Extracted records
━━━━━━━━

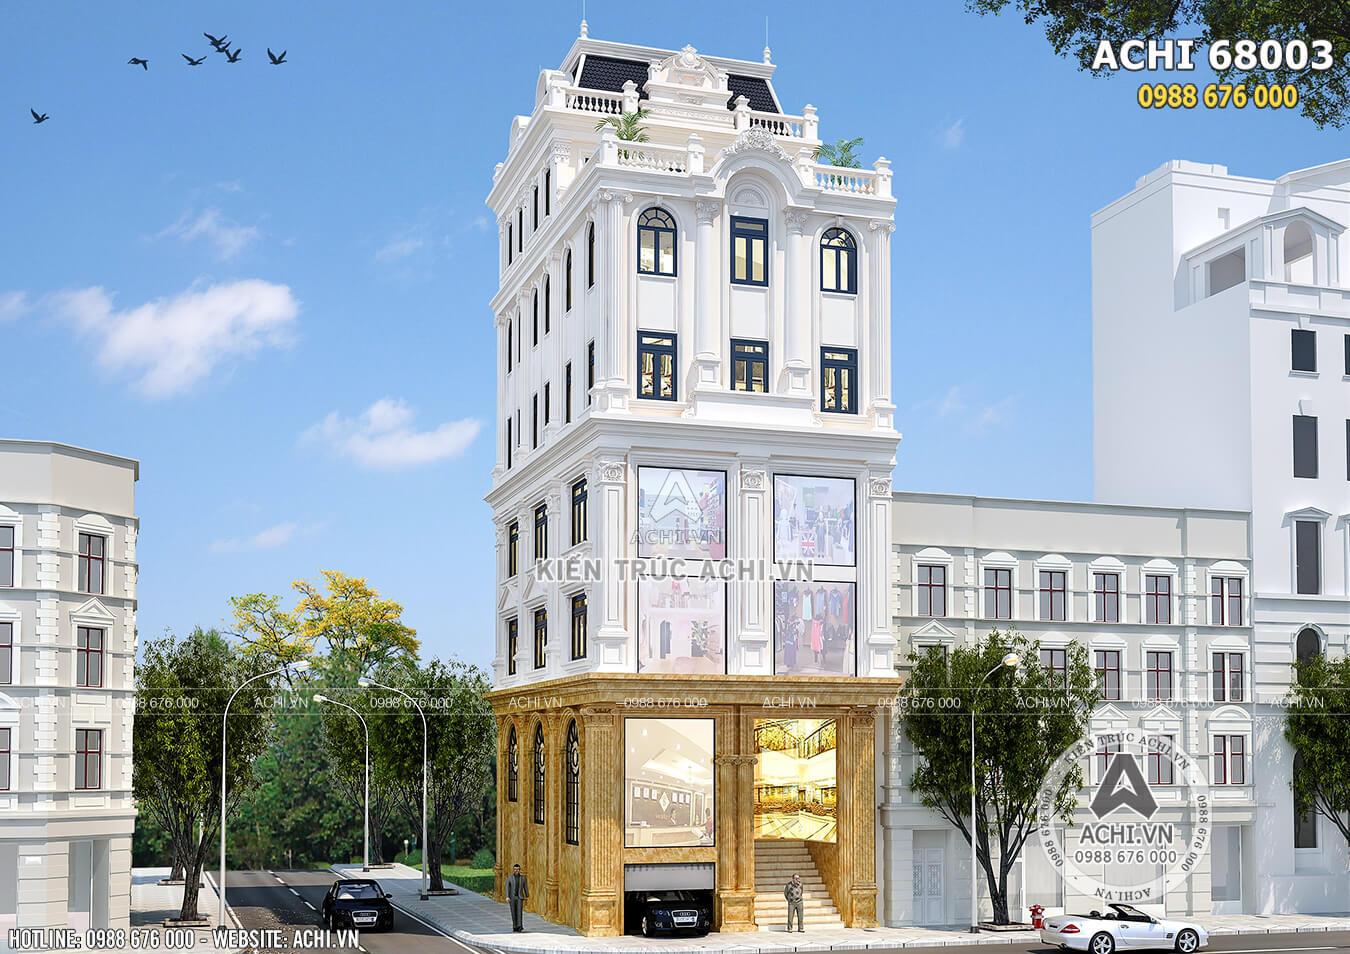 Hình ảnh: Mặt tiền nhà phố tân cổ điển đẹp, mới lạ– ACHI 68003
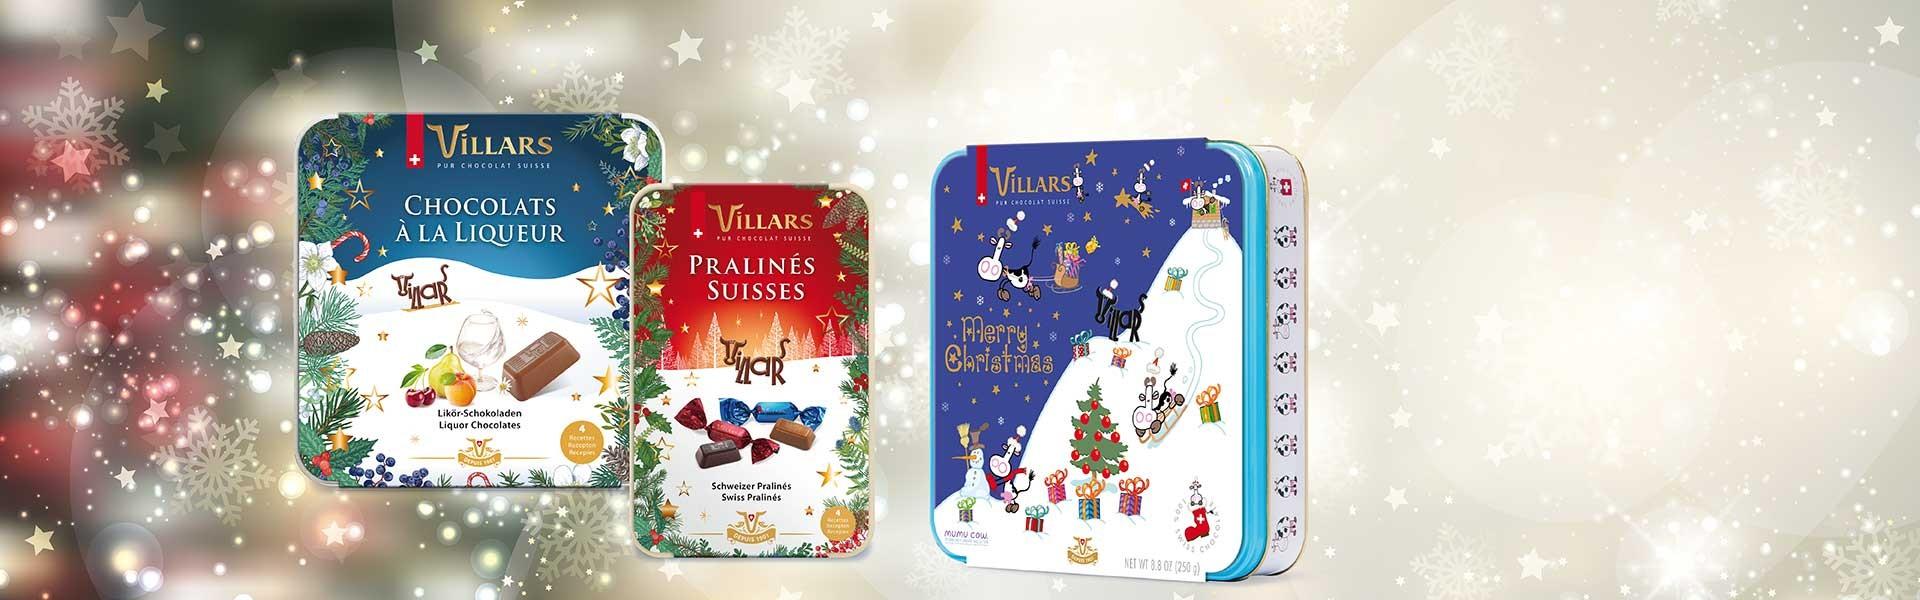 Les boites Cadeaux Villars Edition de Noël
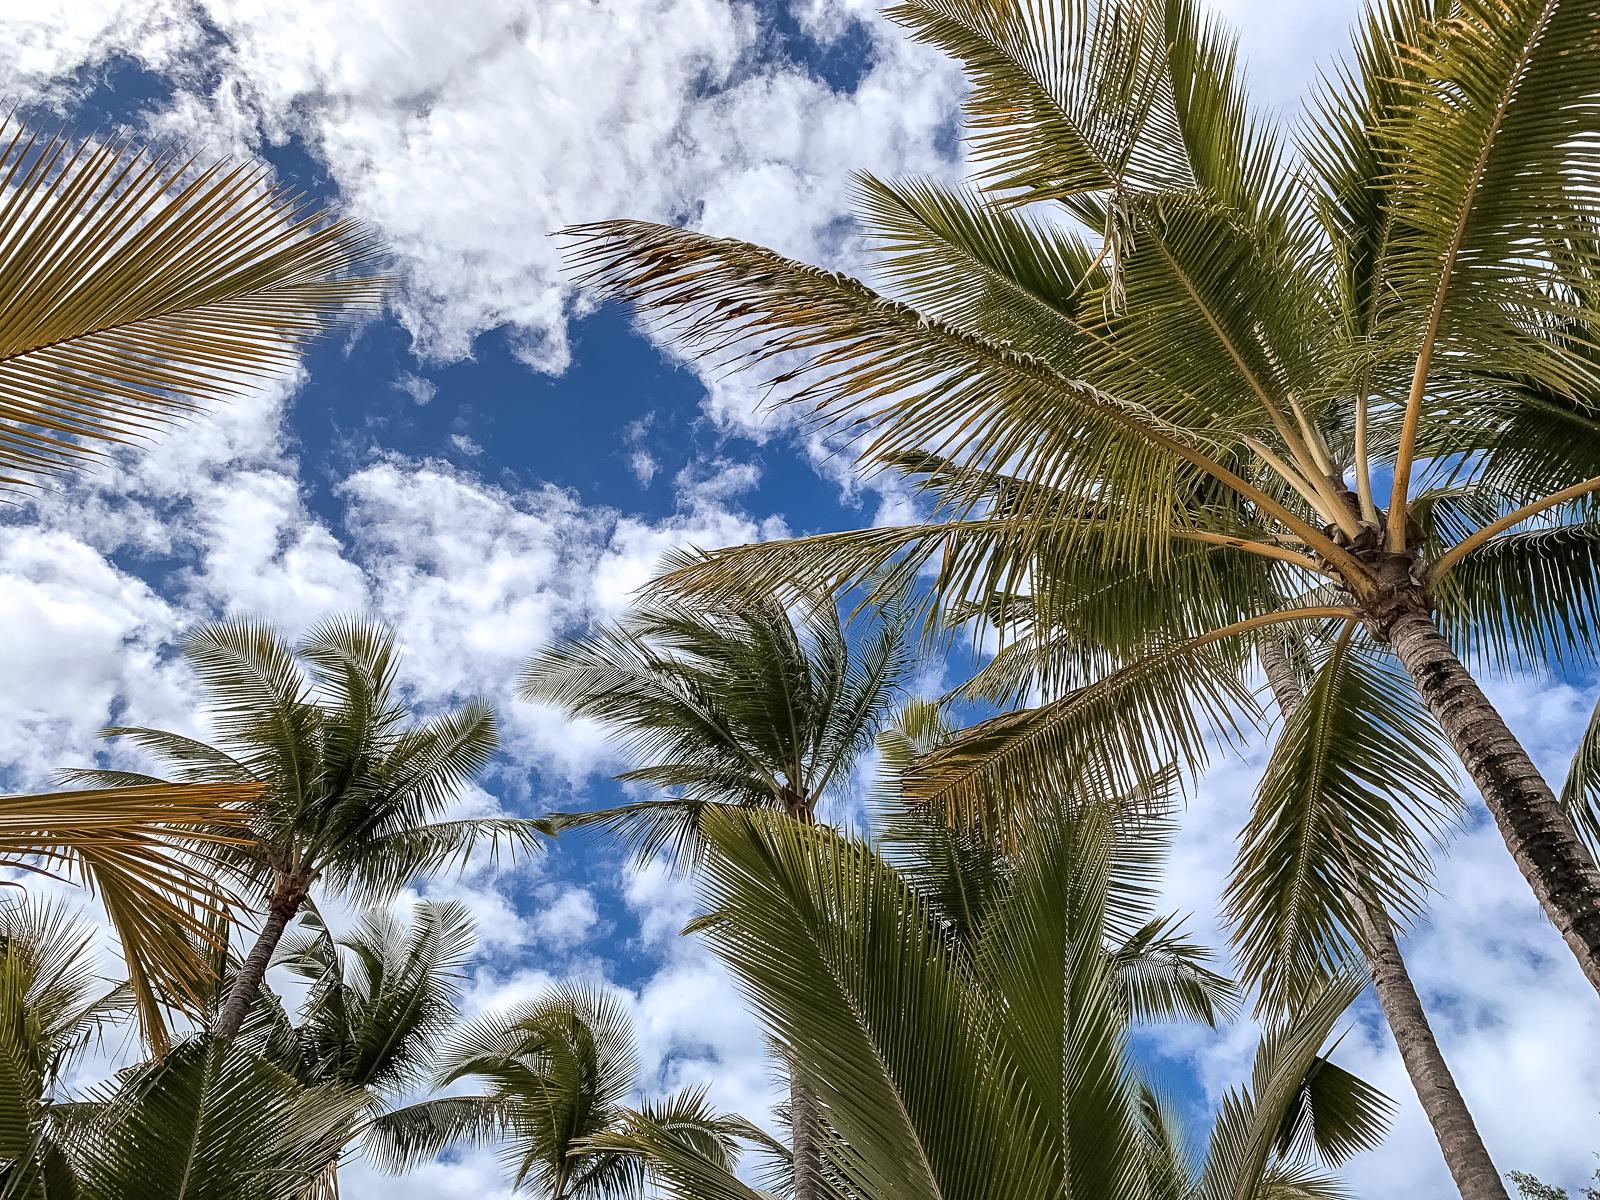 Mauritius Reisebericht - Wissenswertes und Highlights der Trauminsel - Mauritius Reise - Mauritius Sehenswürdigkeiten - Mauritius Flitterwochen - Traumreise - Paradies - schönste Insel - Traumurlaub -Tipps für Mauritius - Mauritus Reiseführer - Mauritius Travel Guide - Palmen auf Mauritius - Fashionladyloves by Tamara
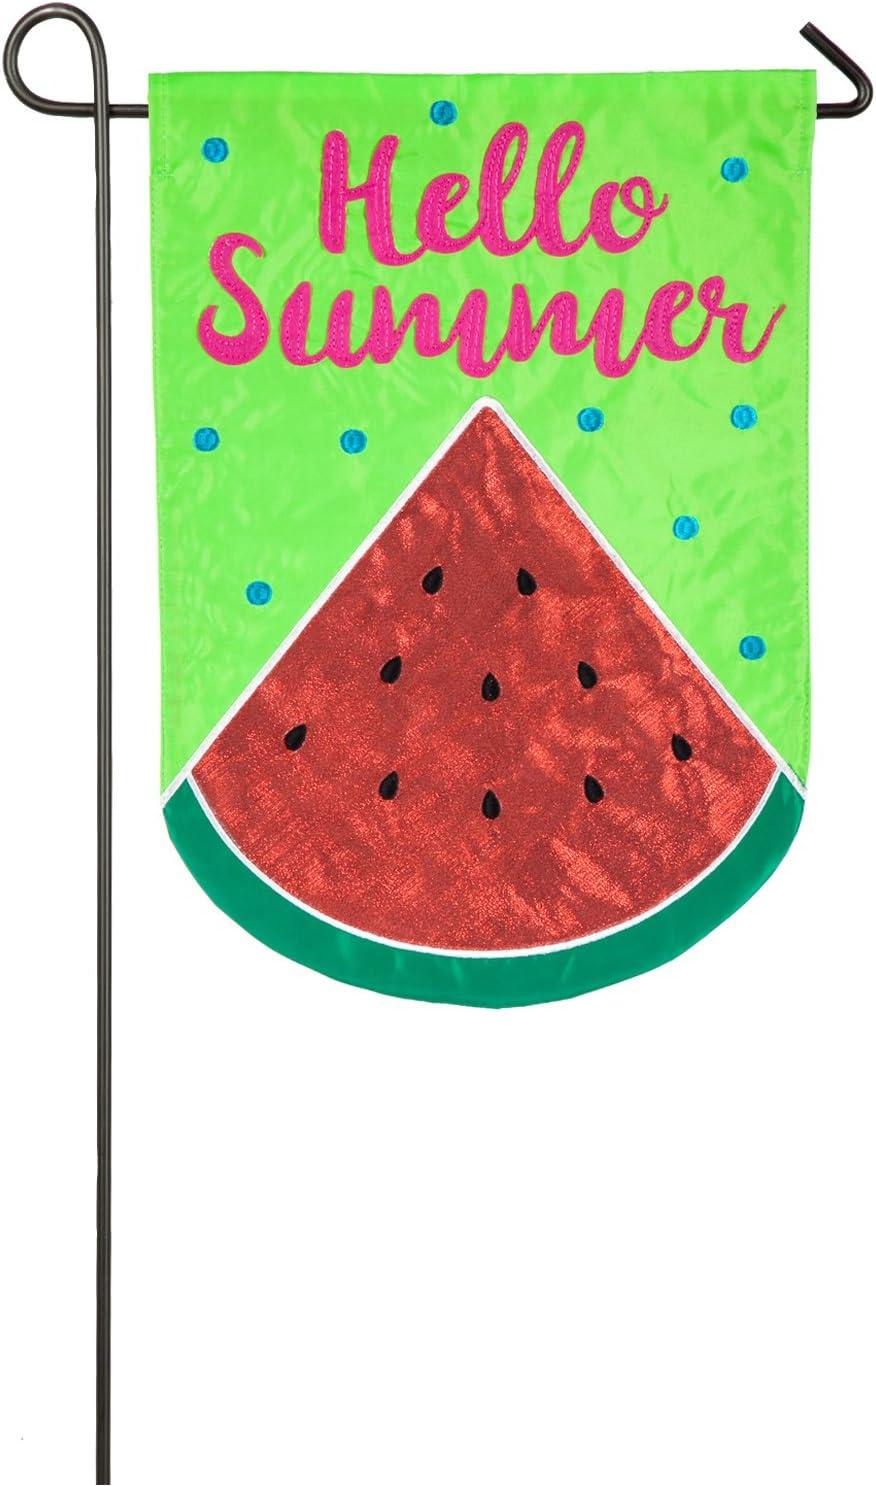 Hello Summer Watermelon Garden Applique Flag - 13 x 1 x 18 Inches
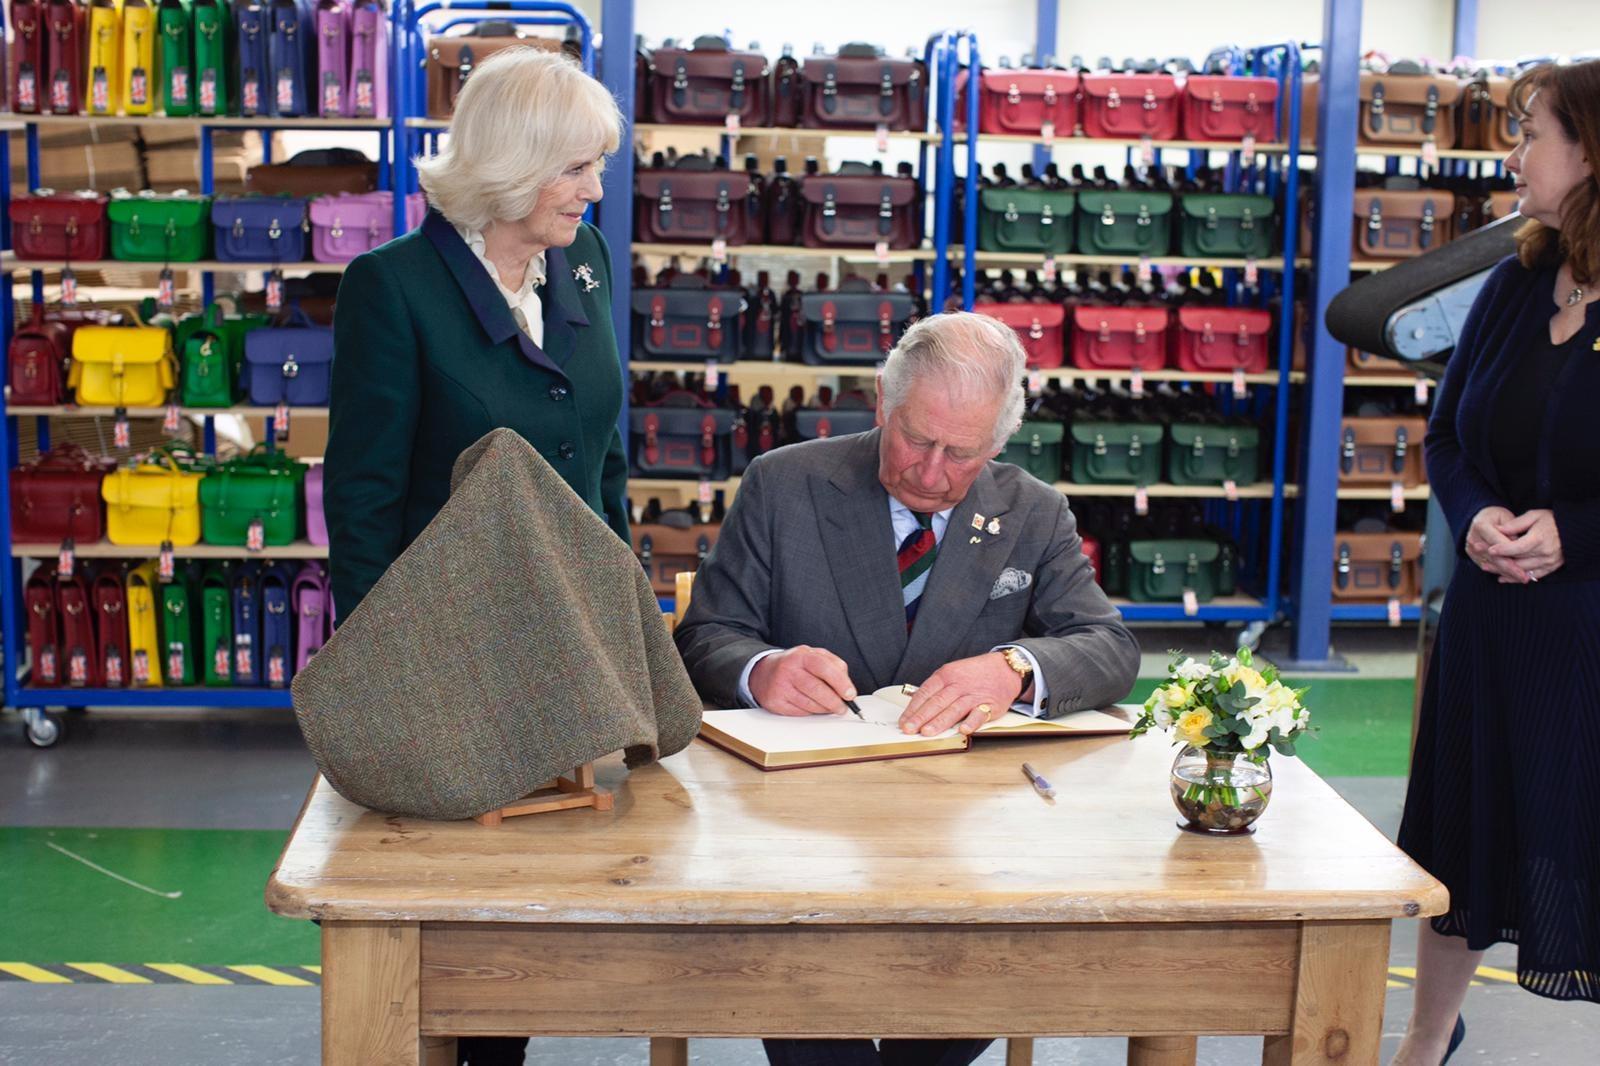 查尔斯王子参观剑桥包工厂,推出皇室特别系列支持慈善事业

━━━━━━━━

Return each line above word for word. Skip the pictures.

- **FINISHED EXERCISE**
 Hình ảnh: Mặt tiền nhà phố tân cổ điển đẹp, mới lạ– ACHI 68003
 Les boites Cadeaux Villars Edition de Noël
 Mauritius Reisebericht - Wissenswertes und Highlights der Trauminsel - Mauritius Reise - Mauritius Sehenswürdigkeiten - Mauritius Flitterwochen - Traumreise - Paradies - schönste Insel - Traumurlaub -Tipps für Mauritius - Mauritus Reiseführer - Mauritius Travel Guide - Palmen auf Mauritius - Fashionladyloves by Tamara
 Hello Summer Watermelon Garden Applique Flag - 13 x 1 x 18 Inches
 查尔斯王子参观剑桥包工厂,推出皇室特别系列支持慈善事业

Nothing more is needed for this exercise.